Capitalizing on the UAE’s status as a pivotal hub, tourists are opting for intercontinental breaks, influenced by both choice and external factors. This trend has provided a robust foundation for enhanced performance. Consequently, there is a heightened demand and profitability, even during what is traditionally considered the commencement of the low season.

While the upscale beachfront segment of the market has not matched the broader industry in terms of occupancy, Average Daily Rates (ADRs), and RevPAR, the outlook has shifted. CBRE no longer anticipates a decline in ADRs, indicating a positive trajectory for RevPAR performance throughout the year.

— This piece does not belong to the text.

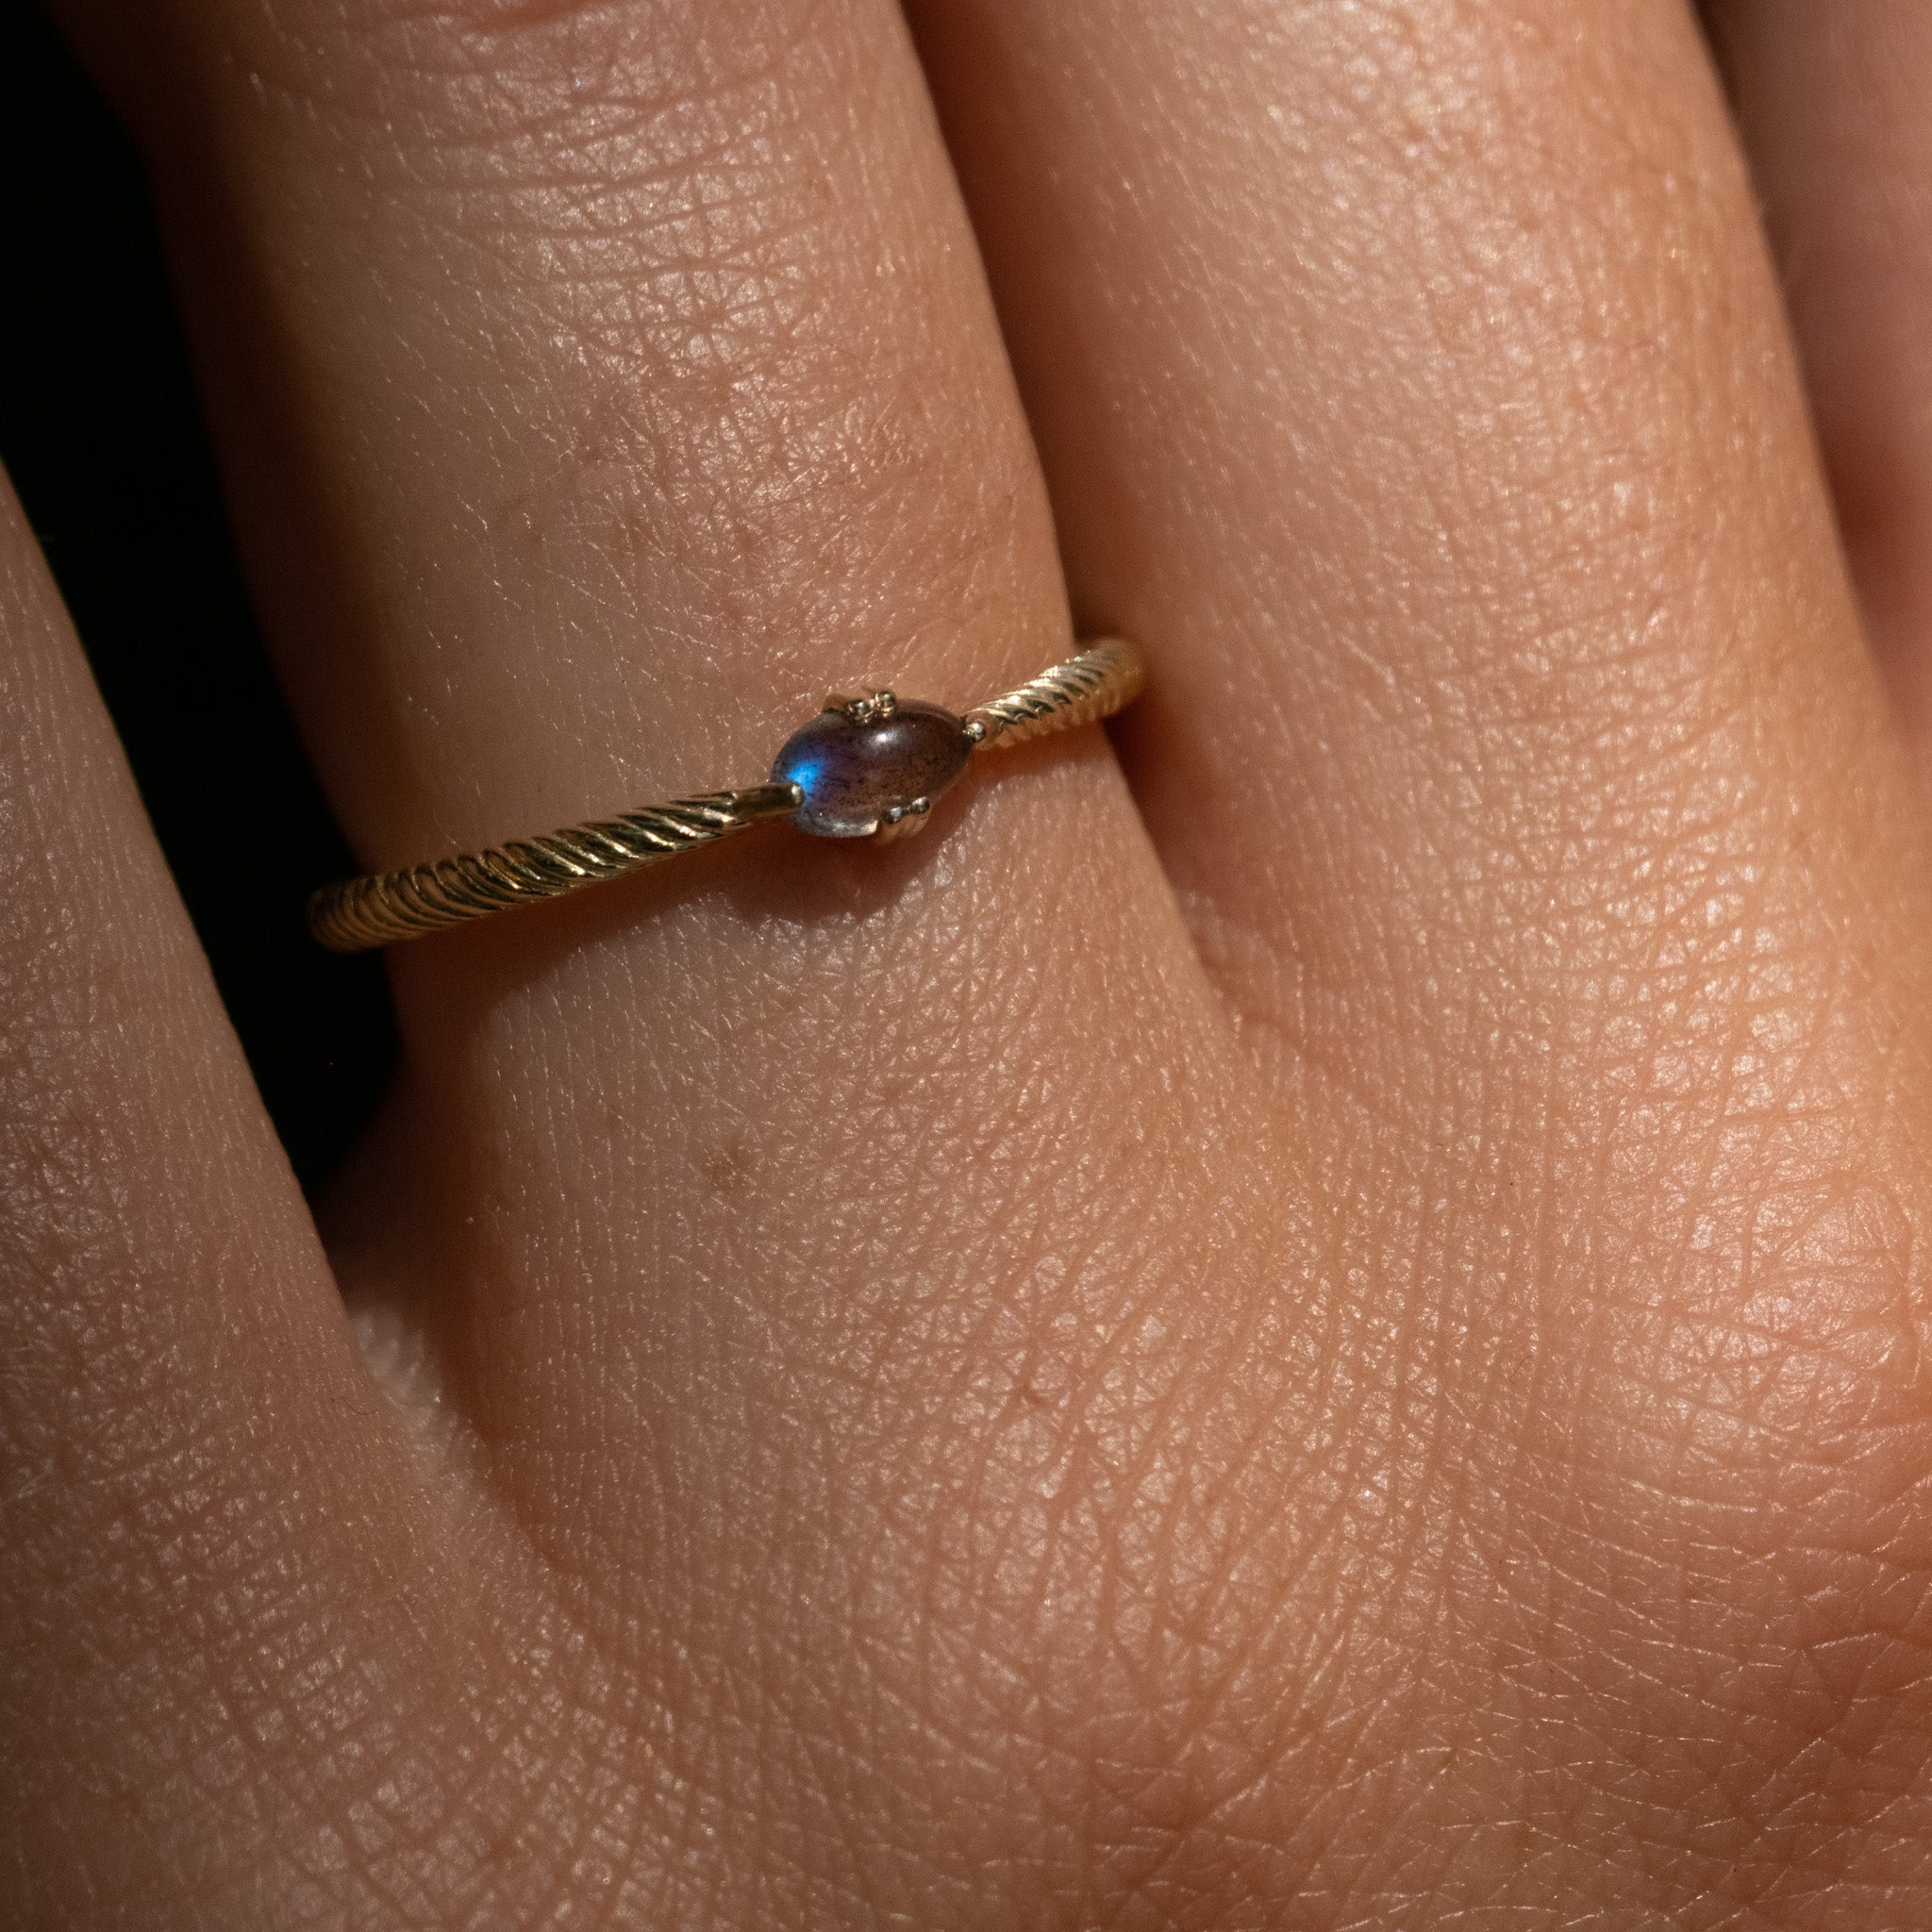 A close up of a person's hand with an Aiden Jae Sunset Ring on it.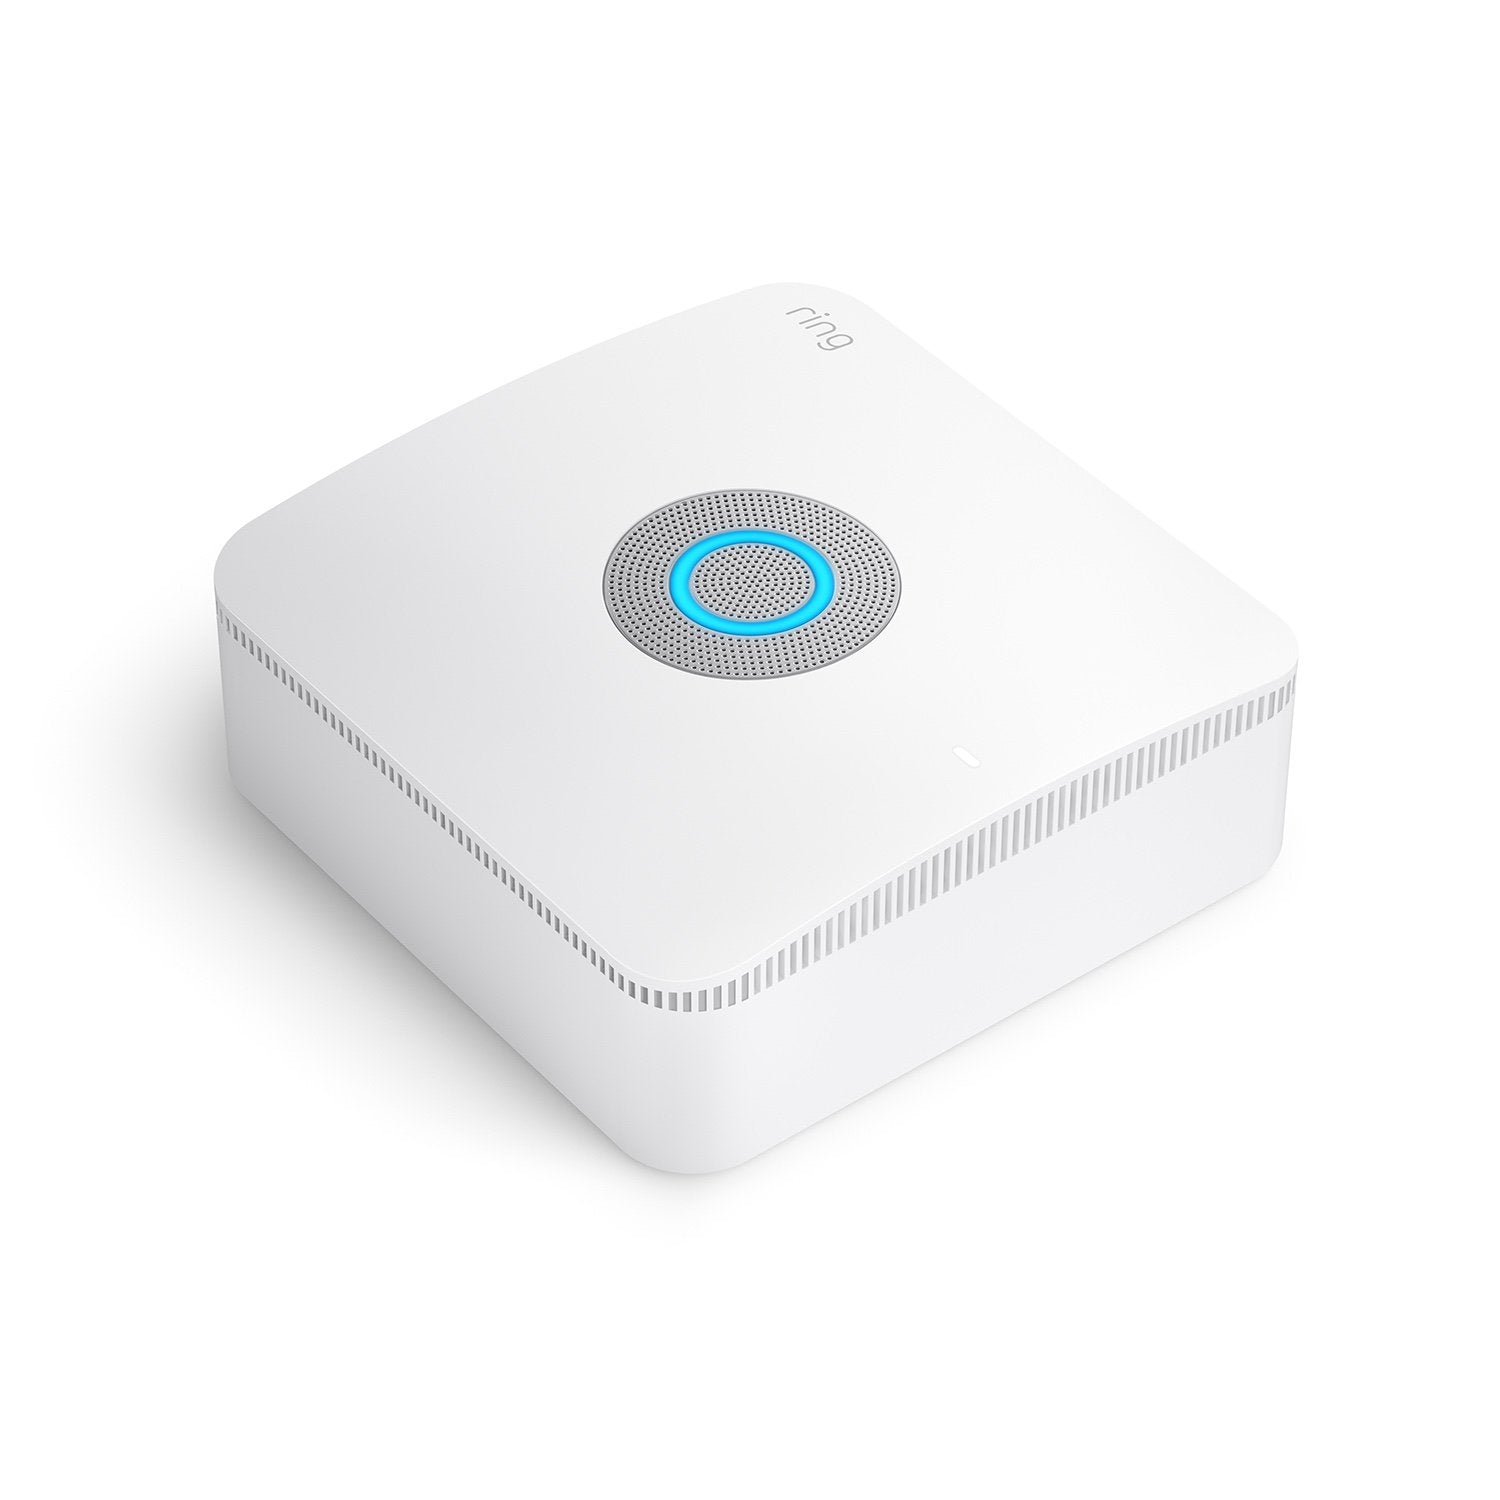 Alarm Pro Base Station (for with built-in eero Wi-Fi 6 router) - Alarm Pro Base Station with built-in eero Wi-Fi 6 router

Taimur Khan, Dubai’s Head of Research for the MENA region at CBRE, shares insights –

“The year 2023 is largely aligning with our projected market performance. Despite certain global economic apprehensions, the shortage of supply in crucial commercial sectors like industrial and logistics, office spaces, and specific segments within the retail domain has been a pivotal factor bolstering robust performance.

The persistence of demand escalation within the residential sector has been a notable development. However, it’s important to note that our perspective maintains that the pace of price growth will likely ease by the end of the year. Nonetheless, a positive trajectory is anticipated.”